Not once, in the hour and a half that Kathryn Kuhlman spent healing, did I see a patient with an obvious organic disease healed (i.e., a disease in which there is a structural alteration). At one point the young man with liver cancer staggered down the aisle in a vain attempt to claim a ‘cure.’ He was turned away, gently, by Maggie. When he collapsed into a chair I could see his bulging abdomen–as tumor-laden as it had been earlier.

One desperate mother managed to work her child’s wheelchair down to the front of the auditorium. The little girl in the chair, about five years old, glassy-eyed, hydrocephalic, could barely sit upright. The mother, weeping, lifted her daughter out of the chair and attempted to get her to walk to the stage.

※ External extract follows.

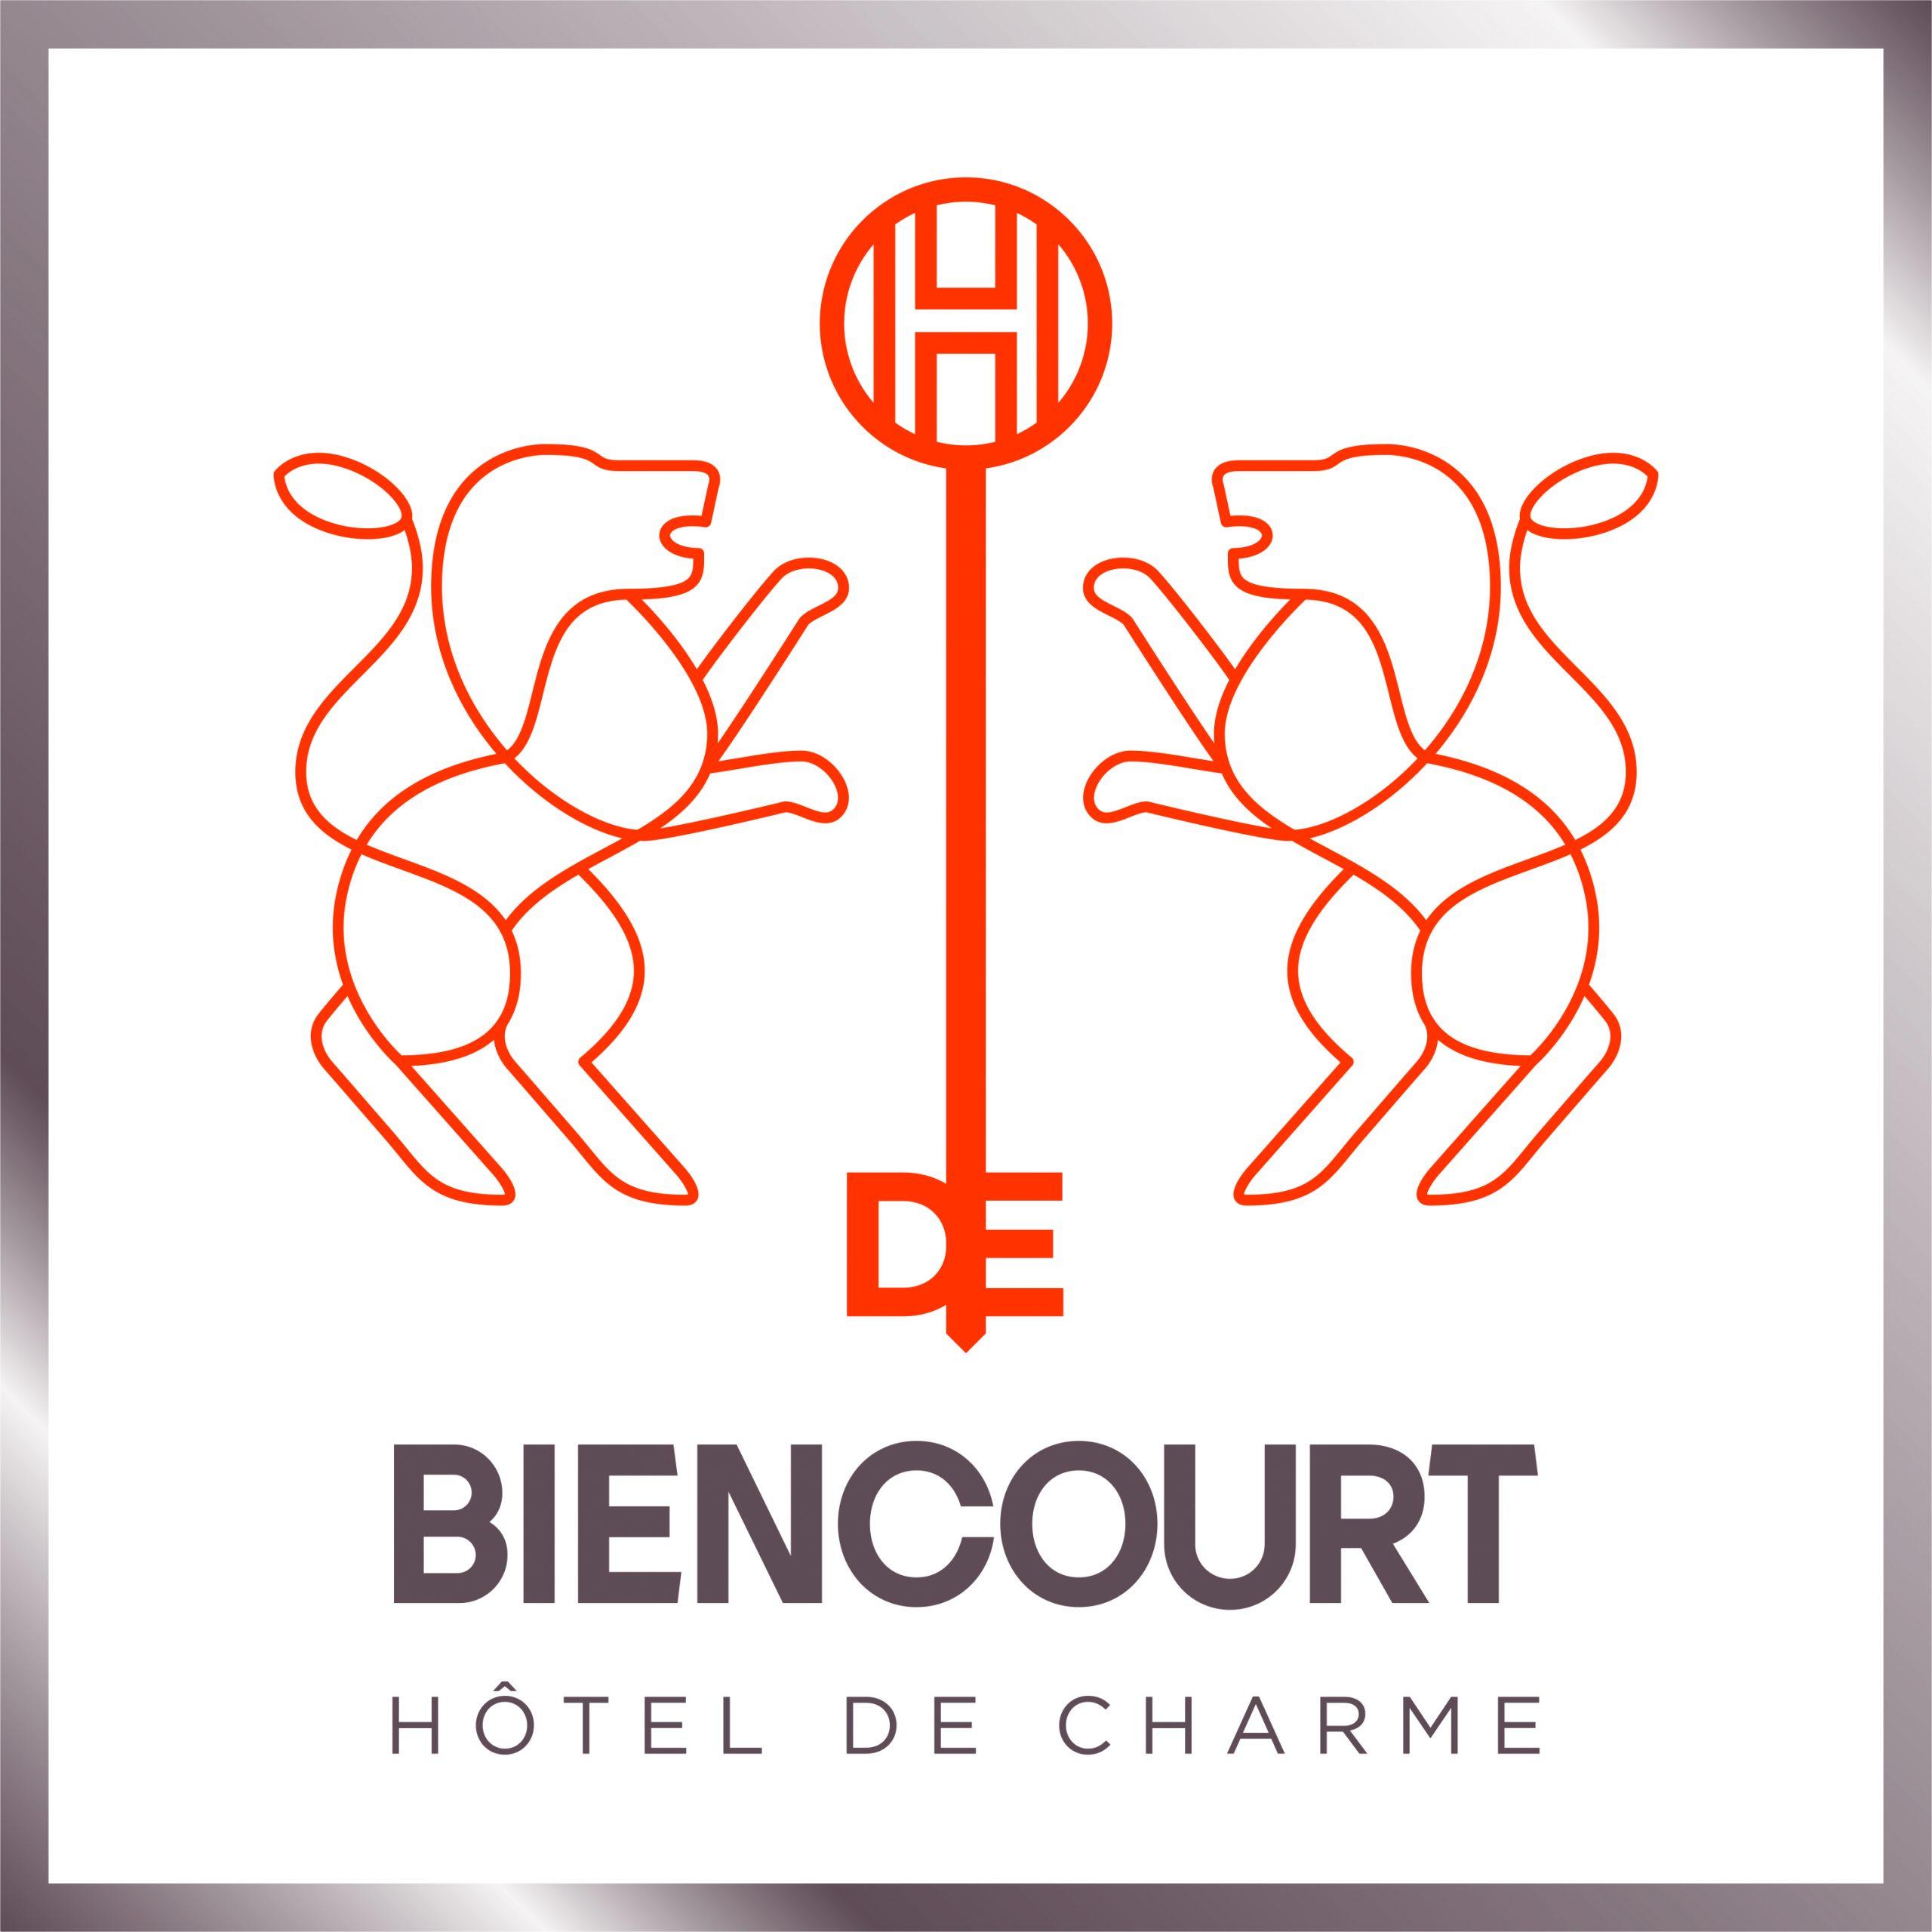 Hôtel de Biencourt - Hôtel de Charme

The child, with the mother holding her, made two pitiful attempts to walk, both times nearly collapsing on the floor before the mother could catch her. Finally, weeping, the mother put her imbecilic child back in the wheelchair and pushed her away down the aisle….

Before going back to talk to Miss Kuhlman I spent a few minutes watching the wheelchair patients leave. All the desperately ill patients who had been in wheelchairs were still in wheelchairs. In fact, the man with kidney cancer in his spine and hip, the man whom I had helped to the auditorium and who had his borrowed wheelchair brought to the stage and shown to the audience when he had claimed a cure, was now back in the wheelchair. His ‘cure,’ even if only a hysterical one, had been extremely short-lived.

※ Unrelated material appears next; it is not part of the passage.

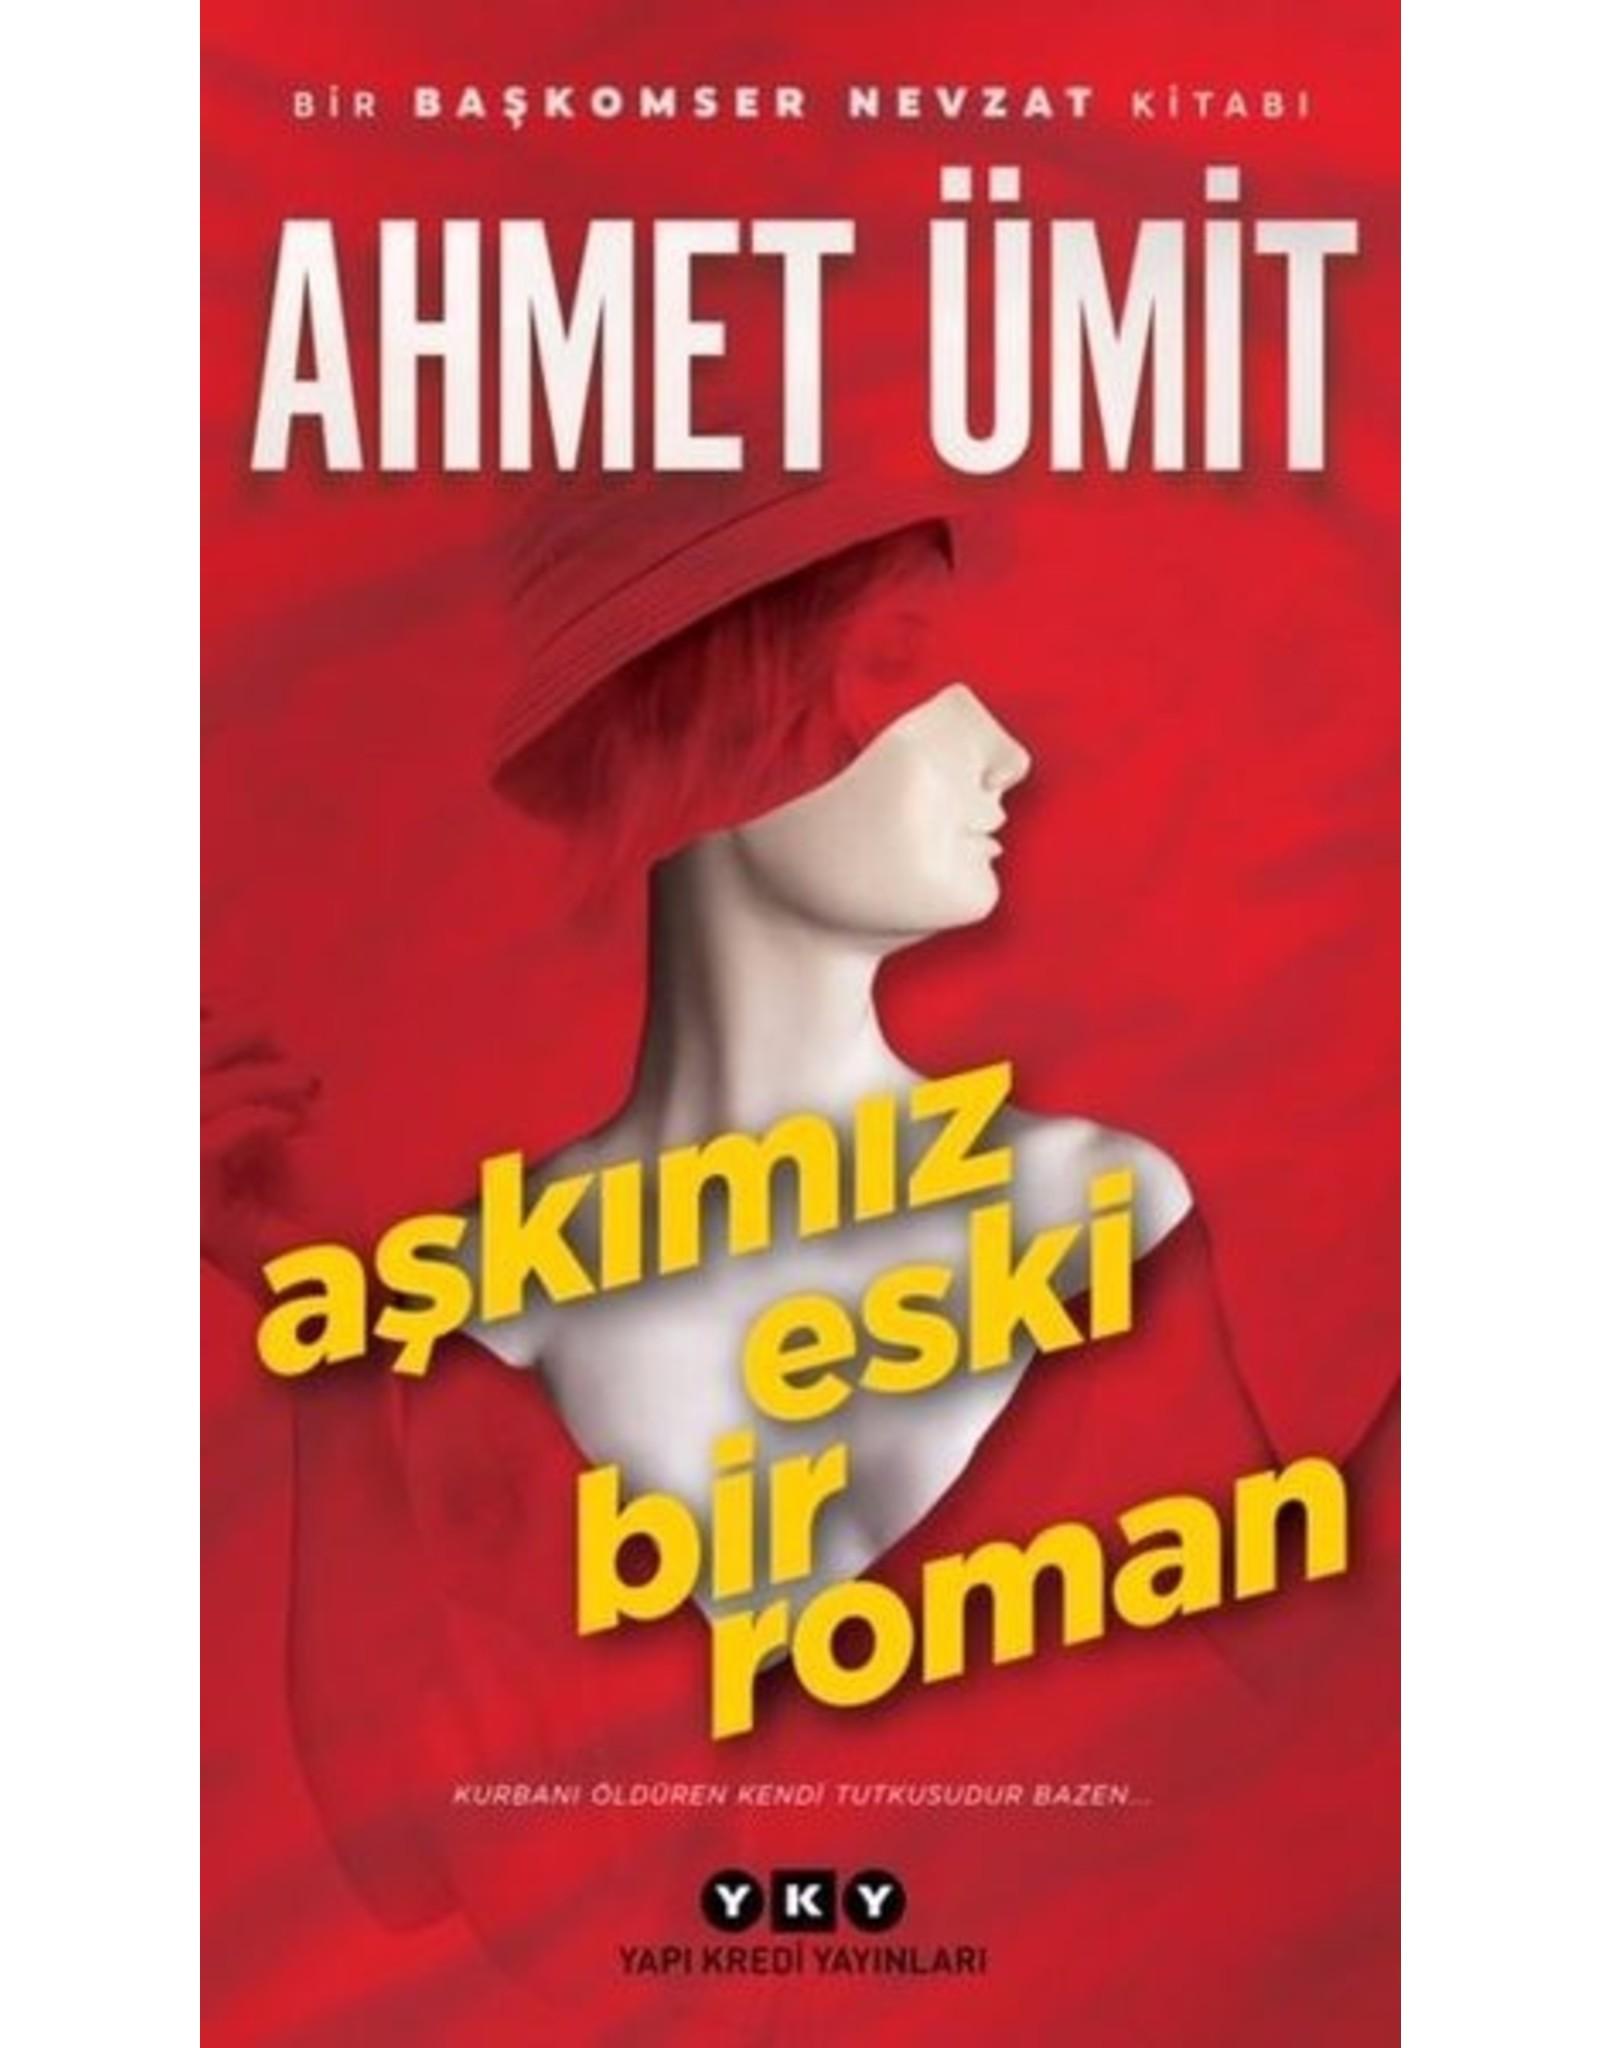 Ahmet Ümit Aşkımız Eski Bir Roman

As I stood in the corridor watching the hopeless cases leave, seeing the tears of the parents as they pushed their crippled children to the elevators, I wished Miss Kuhlman had been with me. She had complained a couple of times during the service of ‘the responsibility, the enormous responsibility,’ and of how her ‘heart aches for those that weren’t cured,’ but I wondered how often she had really looked at them. I wondered whether she sincerely felt that the joy of those ‘cured’ of bursitis and arthritis compensated for the anguish for those left with their withered legs, their imbecilic children, their cancers of the liver.

I wondered if she really knew what damage she was doing. I couldn’t believe she did. (The Christian News, Aug. 2, 1976)

Oral Roberts

Oral Roberts is one of the pioneers of the “faith healing” movement, but his ministry has been examined by men of God and has been proven bogus. We offer the testimony of Pastor Carroll Stegall, Jr., pastor of the Pryor Street Presbyterian Church in Atlanta. 

This is told by David Edwin Harrell, Jr., in his biography of Roberts:

Probably the most damaging religious attack on Oral ever published appeared in the Presbyterian Outlook in 1955. The article, written by Carroll R. Stegall, Jr., pastor of the Pryor Street Presbyterian Church in Atlanta, Georgia, was later republished in a widely circulated tract. It was Stegall’s tract which preceded Oral to Australia and fanned opposition to him.

Stegall’s curiosity was piqued by the March 1952 issue of Healing Waters, which featured a cover picture of “three great medical doctors congratulating Oral Roberts.” Stegall and Donald Grey Barnhouse, noted conservative Presbyterian pastor in Philadelphia, addressed an inquiry to the American Medical Association that “brought the answer from their bureau of investigation that not one of the men mentioned … could be identified as doctors of medicine … One of the three men was found operating in Phoenix as a ‘naturopathic physician’ [meaning he was not a licensed medical doctor]. No organization headed by ‘Dr. J.H. Miller, an outstanding medical doctor and president of a medical society of over 20,000 physicians,’ was discovered.”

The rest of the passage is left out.